単利であれば単純に「利率 × 年数」がその運用年数の資産の増加率であり簡単に計算することができますが、複利の場合には指数関数を計算する必要があるので、ちゃんと計算しようとすると関数電卓が必要になってしまいます。
そこでこれを計算するのに非常に役に立つのが「72の法則」です。
これを式で表すと

資産が倍になる年数 = 72 ÷ 利率 (%)

となり、72を利率で割ることで資産が倍になる年数を、大まかではありますが算出することができます。

計算例

例えば利率が1%であれば 72 ÷ 1 = 72 ですので、おおよそ72年で倍になります。
利率が3%であれば 72 ÷ 3 = 24年、6%であれば 72 ÷ 6 = 12年、10%であれば 72 ÷ 10 = 7.2年ということになります。

実際の値

これは近似値しか計算することができませんので、実際の(厳密な)値とは少しずれてしまいますが、だいたいの値を大雑把に把握したい場合にはかなり正確に計算できます。
そもそも「利率が◯%」といっても、定期預金などでなければ利率は運用成績によってブレますので、だいたいの値がわかれば多くのケースでは十分でしょう。
そこで厳密に「資産が倍になる年数 × 利率」を計算してみた結果が以下の表となります。

利率と資産が倍になるまでの年数を掛け算したもの

どうでしょうか?69.35〜72.73とブレはありますが、だいたい72くらいになるというのはそんなに間違っていませんね。
計算精度がひと桁くらいで十分な場合にはこれで計算することができます。
なお、真ん中の値としては「71」くらいになりますが、72という数字は「2, 3, 4, 6, …」と多くの整数でちょうど割り切ることができるため、「71の法則」ではなく「72の法則」となっているのだと思います。

数学的説明

ここからは数学の話です。高校レベルの数学の知識が必要となりますので、数学があまり得意ではない方は読み飛ばしてください。

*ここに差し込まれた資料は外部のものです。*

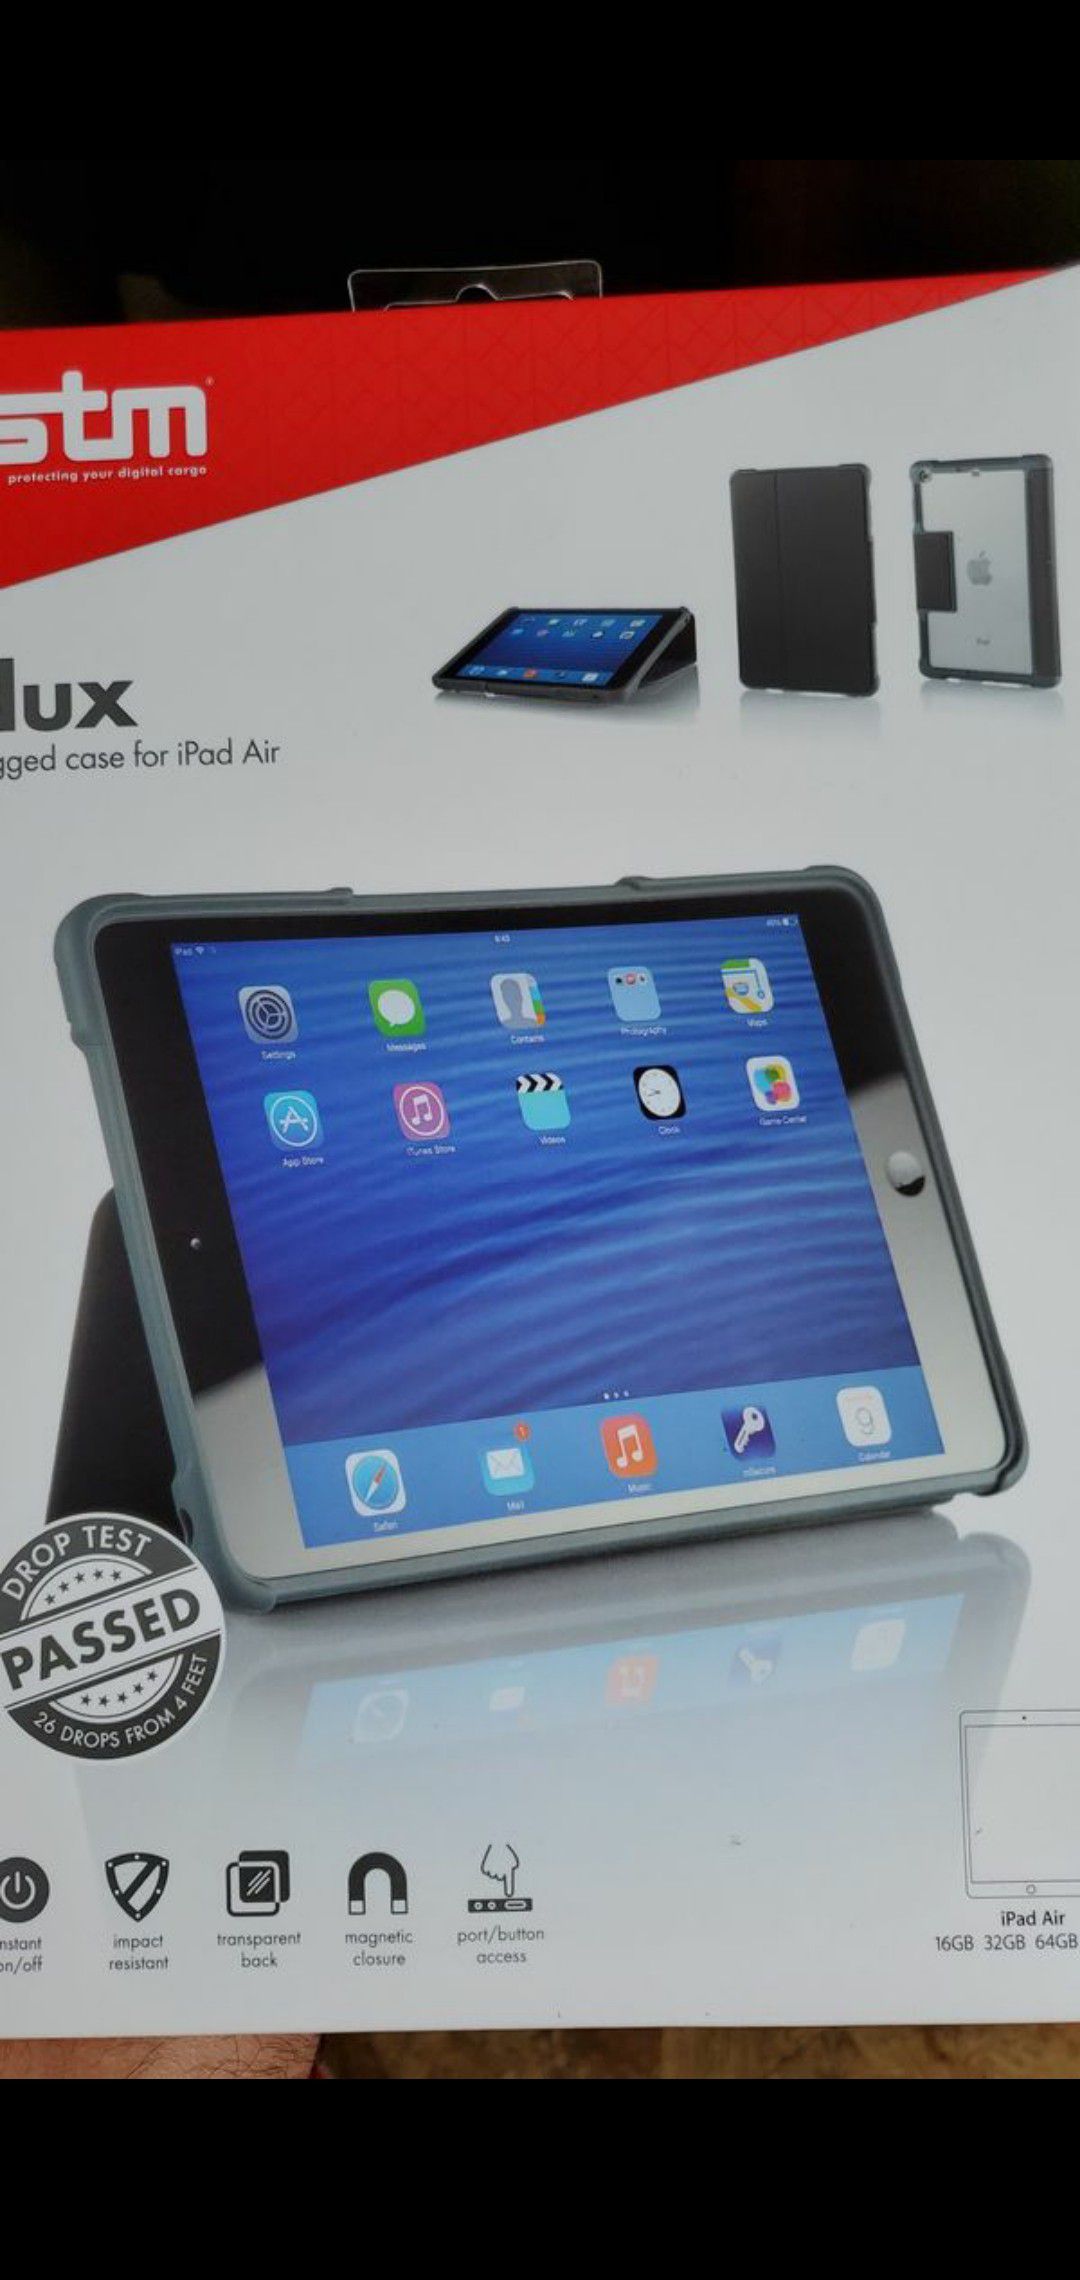 Stm dux ragged case for iPad air

それではなぜ「利率 × 年数」という値がほぼ一定で72くらいの値になるのでしょうか?
その理由を数学的に説明します。

まず利率を r (%) とし、資産が倍になるまでの年数を n (年) とします。
すると次の式が成り立ちます。

(1 + r/100)^n = 2

両辺の自然対数をとると

n ln(1 + r/100) = ln(2)

となりますが、ここで注目すべきなのは r は比較的小さい値 (1〜10) であるというところです。
x を小さな数とすると、自然対数はいい精度で

ln(1 + x) ≒ x

と近似できます(Taylor展開)。これを先ほどの式にあてはめると

n × r/100 = ln(2) ≒ 0.693

となりますから、結局

n × r ≒ 69.3

となり、一定となります。
値としては69と72からは少しずれますが、利率が5〜10%程度の場合には誤差が少し出てきますので、72ぐらいの一定値になるというわけです。

さいごに

投資先の期待利率から、どのくらいの期間で資産がどのくらい増えるのかを速算するのにこの「72の法則」は非常に便利ですので、ぜひ覚えてください。
例えば投資家との会話やSNSなどで「資産が15年で4倍になりました」と言われたとき「この人の平均年率は何%くらいなのかな?」というのもこの速算方法を使えば簡単に計算できます。
どうやって計算すればできるのか考えてみてください。(最後に模範解答があります。)








模範解答

資産が15年で4倍ということは、複利計算では7.5年で倍になったということです。したがって

利率 ≒ 72 ÷ 7.5 ≒ 9.6%

が正解となります。ちなみに厳密解は約9.6825%ですので、かなり正確な計算だと分かります。